DIRECTIONS =
From the first line to the last, copy the material exactly and leave the pictures out.
--- RAW DATA Enclosed Below ---
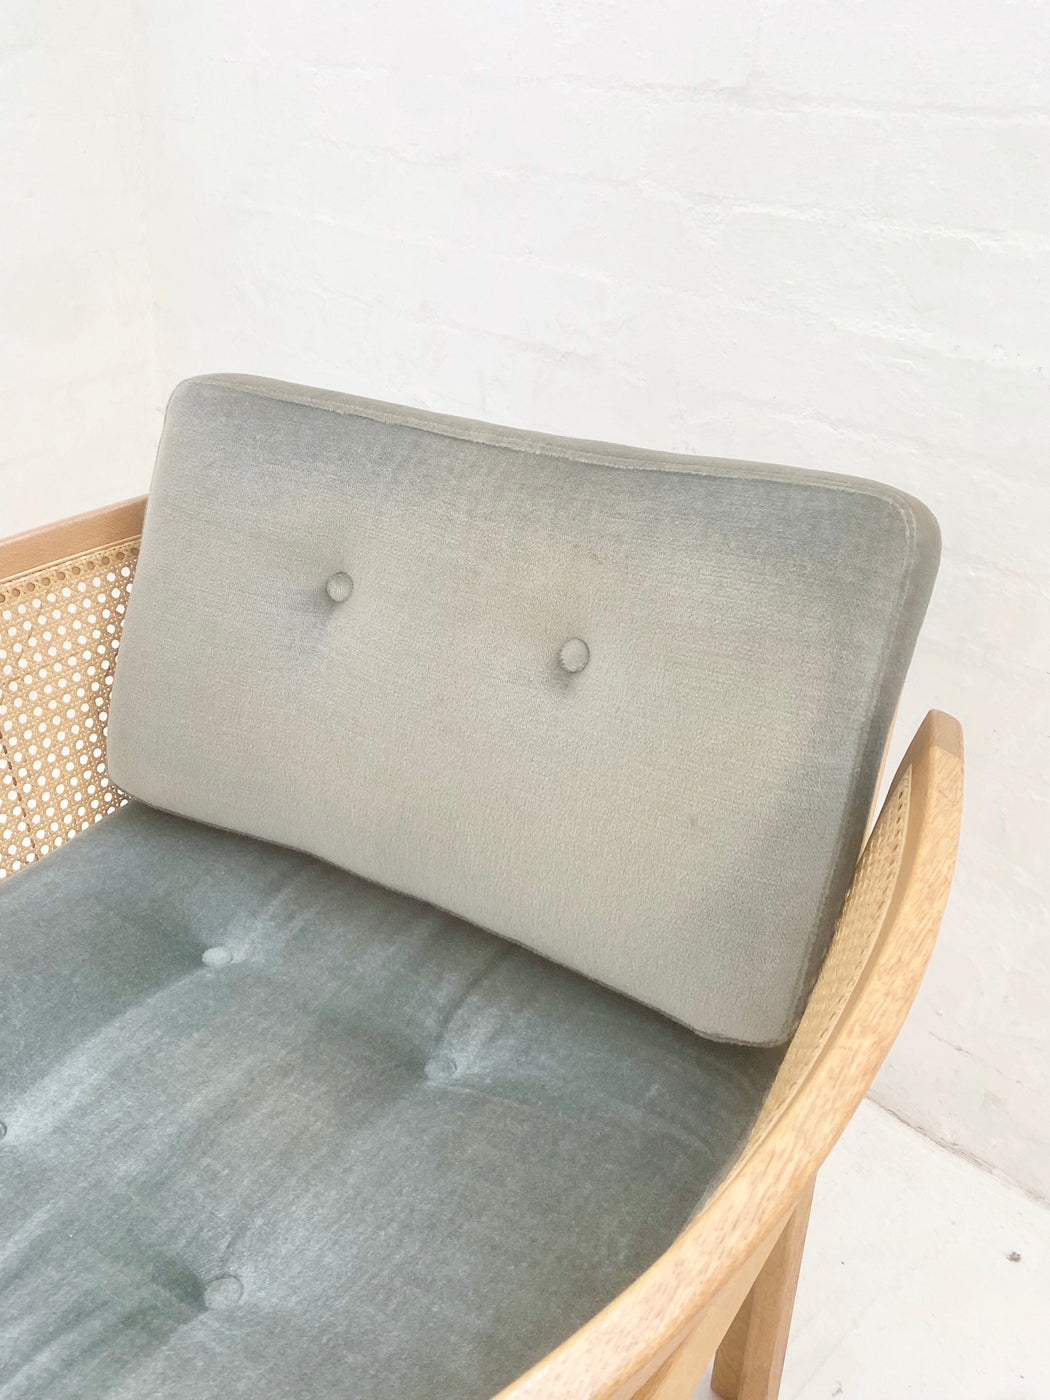 Illum Wikkelsø 'Plexus' Lounge Chair
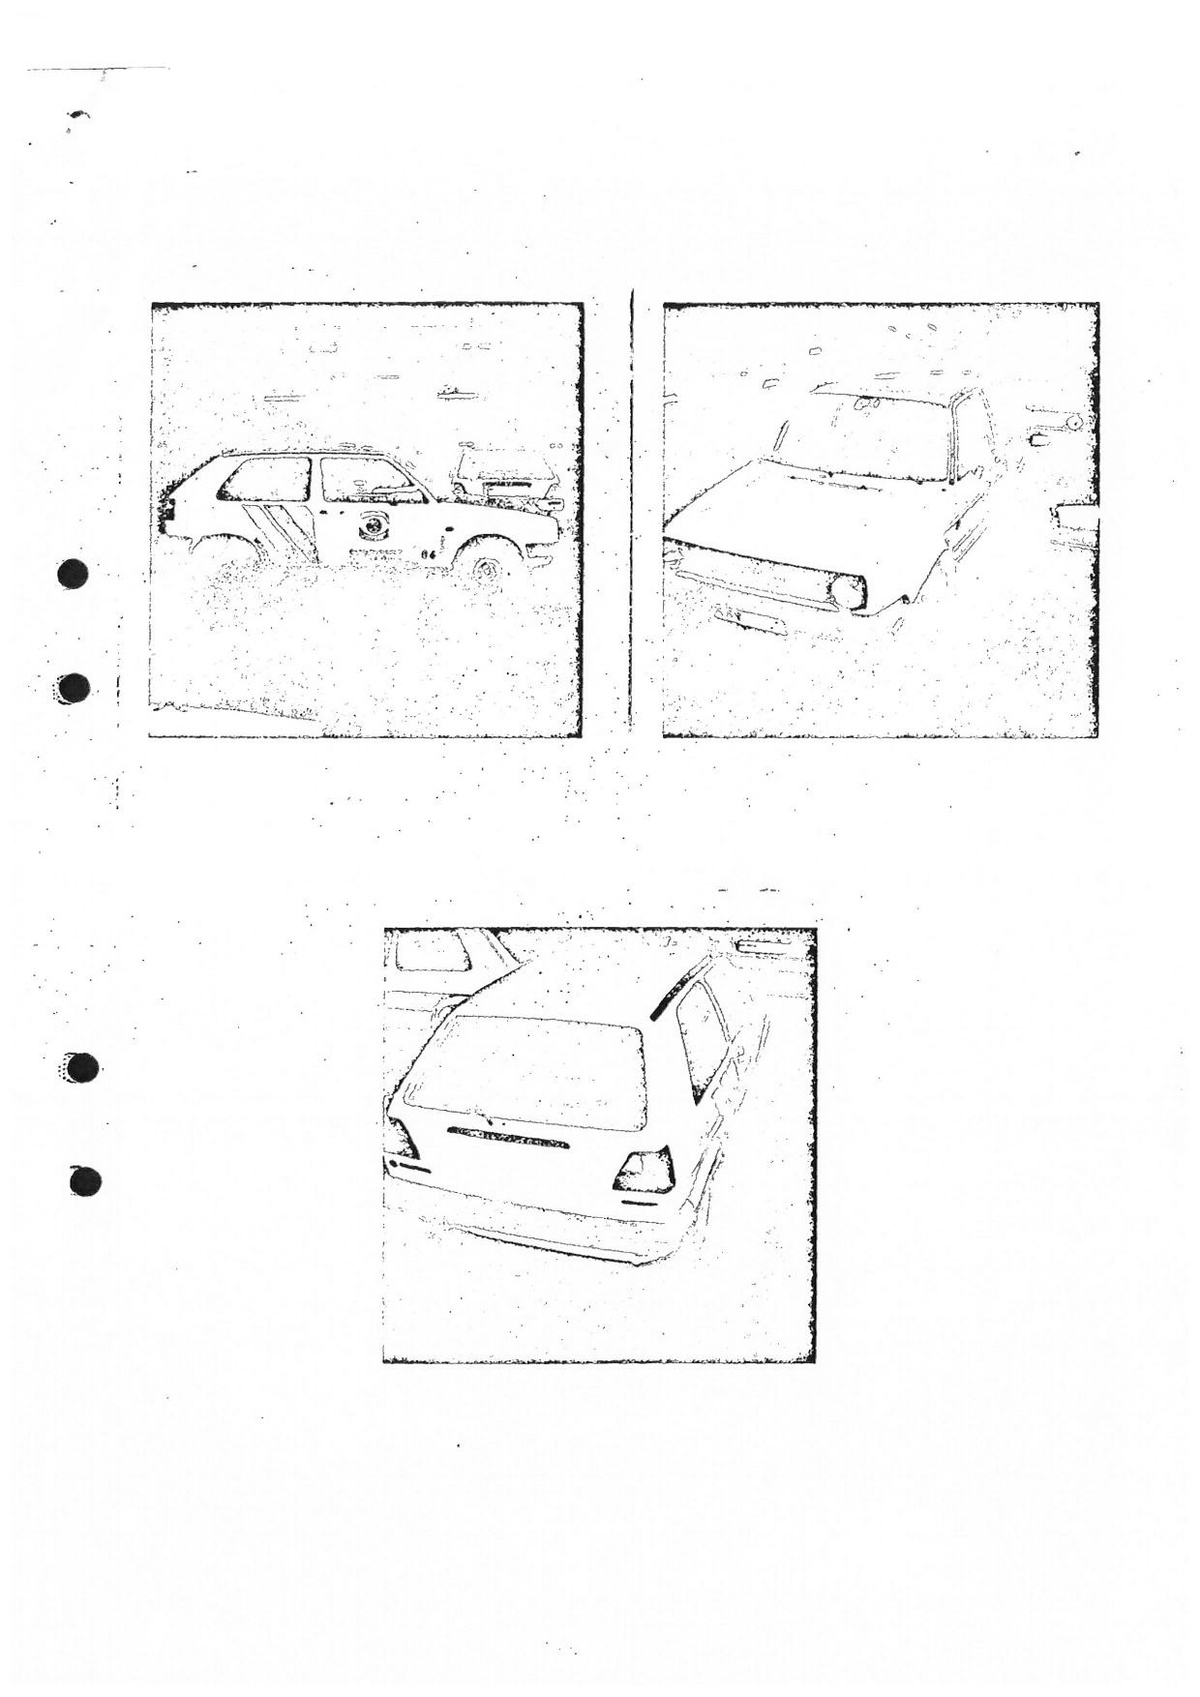 Pol-1987-04-08 EBC2327-21 Polisbil-kommunikationsradio-utanför-bostaden.pdf
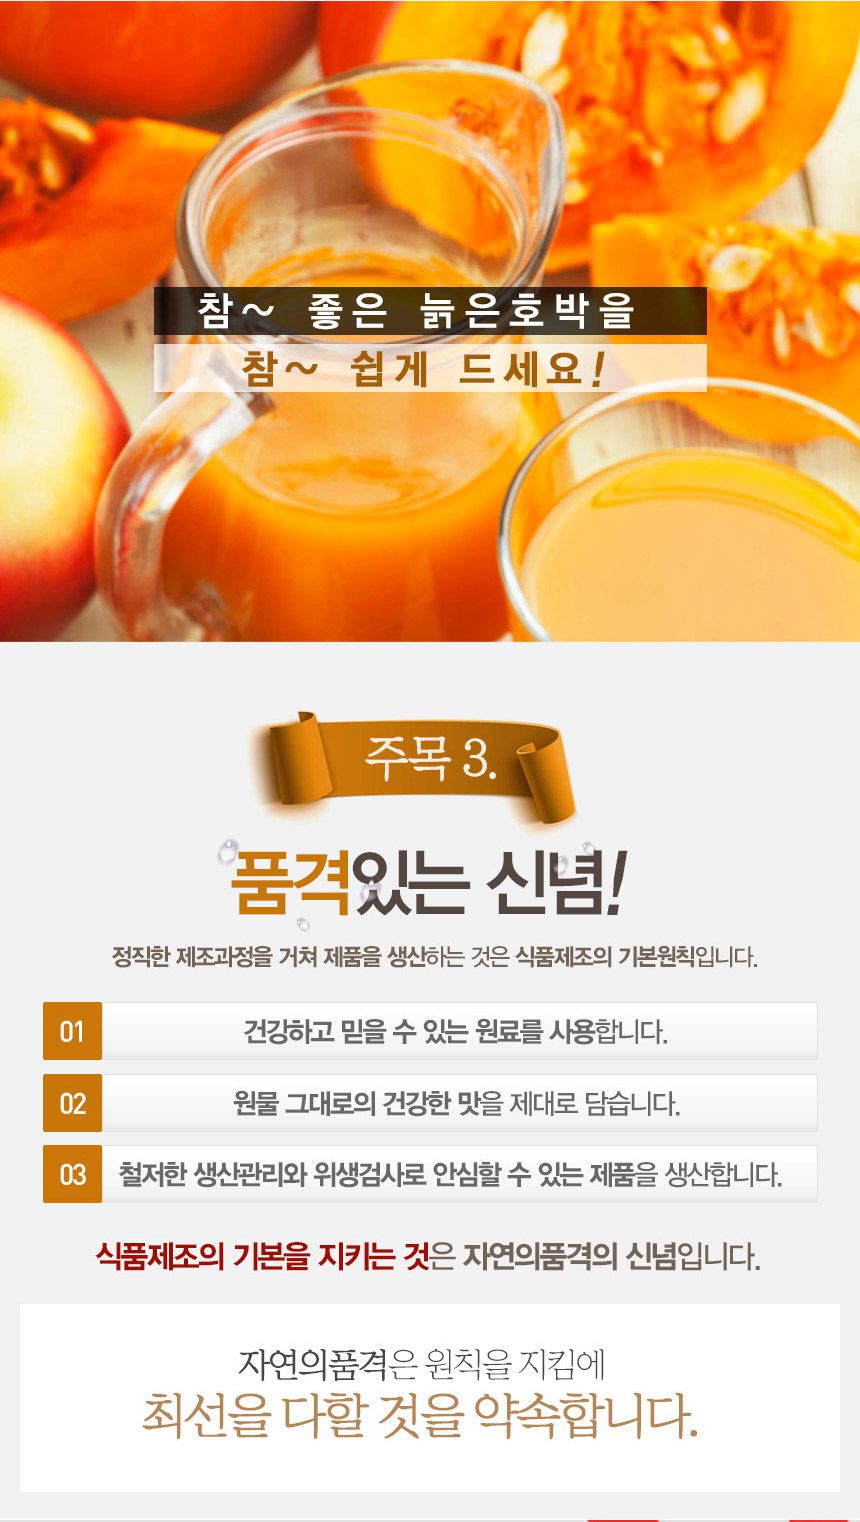 韓國食品-[GNM] 품격있는 호박즙 90ml*30 (부기, 변비에 대해 좋은 효능)
--- End of Enclosed RAW DATA ---
SOLUTION TO THIS PROBLEM =
 Illum Wikkelsø 'Plexus' Lounge Chair
 Pol-1987-04-08 EBC2327-21 Polisbil-kommunikationsradio-utanför-bostaden.pdf
 韓國食品-[GNM] 품격있는 호박즙 90ml*30 (부기, 변비에 대해 좋은 효능)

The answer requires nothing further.